This combination of therapies is known as medication-assisted treatment, or MAT.

MAT is commonly integrated into treatment for opioid and alcohol substance use disorders.

What Is Medication-Assisted Treatment (MAT)?

Addiction and the recovery process are commonly marked by strong cravings to use even after successful completion of detox and treatment. These cravings, a normal occurrence for those struggling to get and stay clean, can interfere with treatment and increase the risk of relapse. Fortunately, certain medications have proven very successful in helping to stave off these cravings and promoting abstinence.
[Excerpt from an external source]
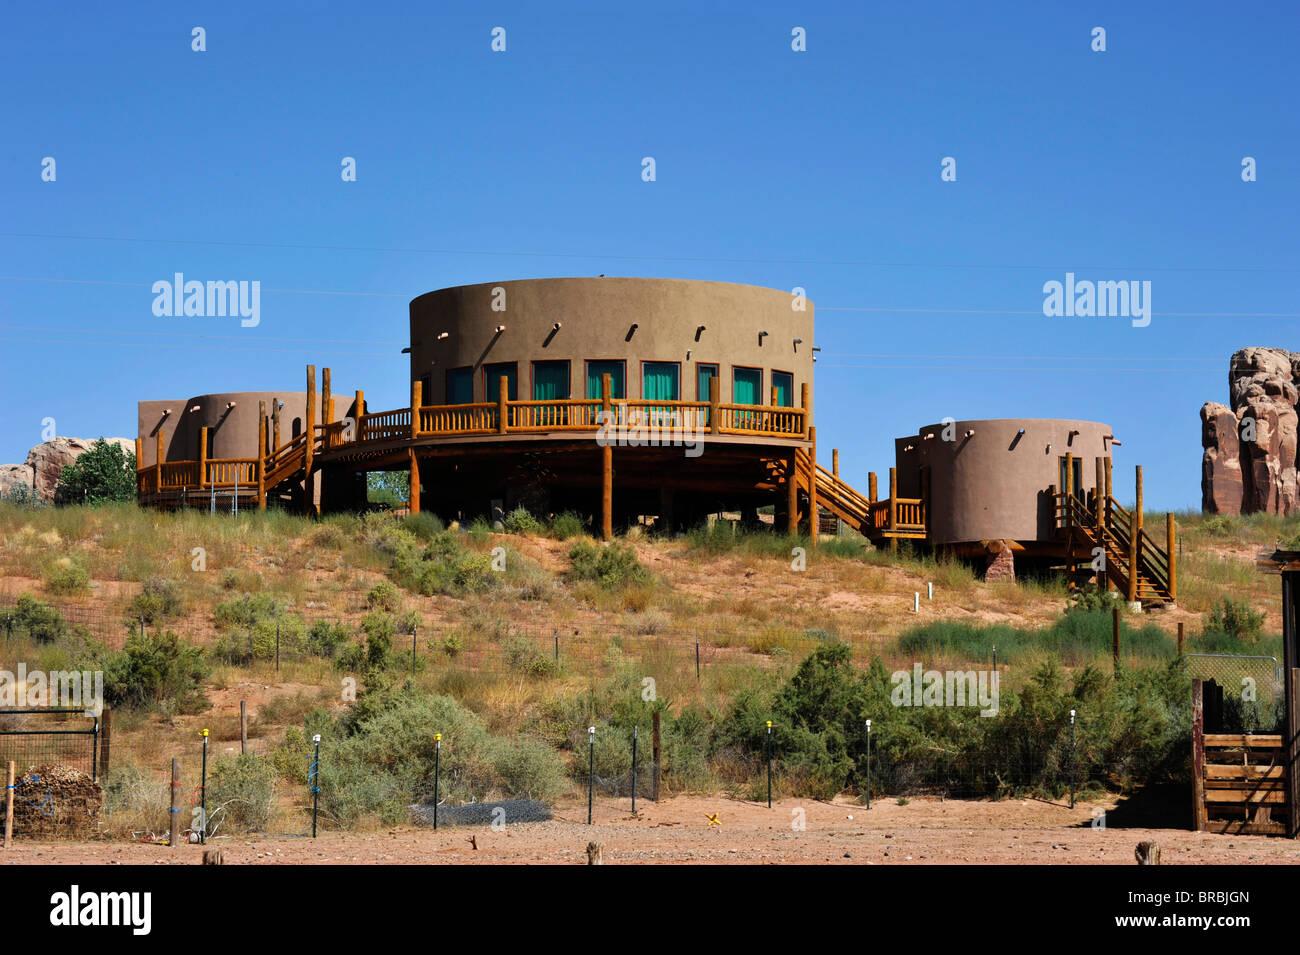 Wüste Urlaub nach Hause Bluff Arizona USA Stockbild
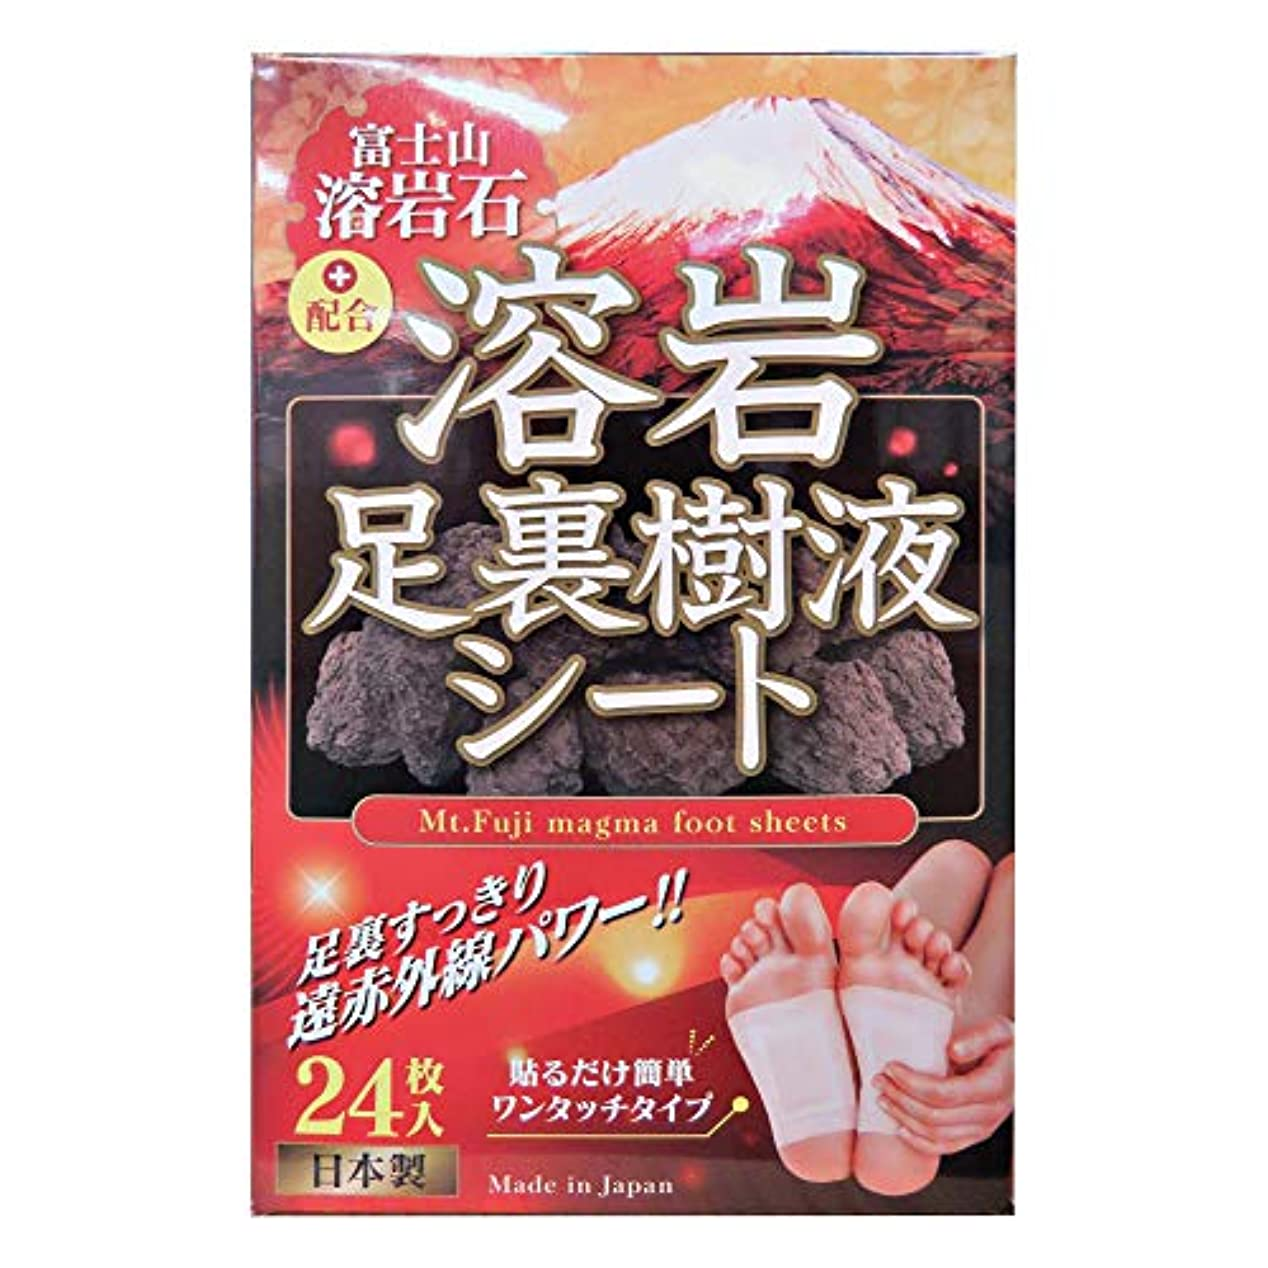 融合参加者廃棄する富士山溶岩石配合 溶岩足裏樹液シート(24枚)

The combination of medications with therapies that teach the recovering user how to manage cravings and triggers for relapse on a cognitive/emotional level promotes extended periods of sobriety.

Types of Medications Used in MAT

There are many different medications that are prescribed to treat two major drugs of addiction: opioids and alcohol.

There are currently no FDA-approved medications used to treat other types of drug addiction, such as methamphetamine, marijuana, or cocaine dependence.

Below are some of the most commonly prescribed drugs used for the treatment of opioid or alcohol dependence.


Buprenorphine, which is a partial opioid agonist, is used to treat someone who is addicted to an opioid – whether the substance being abused is heroin or a prescription painkiller, such as OxyContin or Vicodin. Of the few medications used for opioid dependence, buprenorphine is the first that can be prescribed for and obtained directly from the doctor’s office. To date, other drugs used to treat opioid dependency – such as methadone – can only be administered in clinics.

This increased access for buprenorphine reflects a change in the level of urgency that the opioid epidemic presents to the medical community – one that demands broadened patient access to opioid dependency medication and other forms of treatment.

Buprenorphine isn’t prescribed in isolation; it’s one component of a comprehensive recovery program designed to address the patient’s individual needs.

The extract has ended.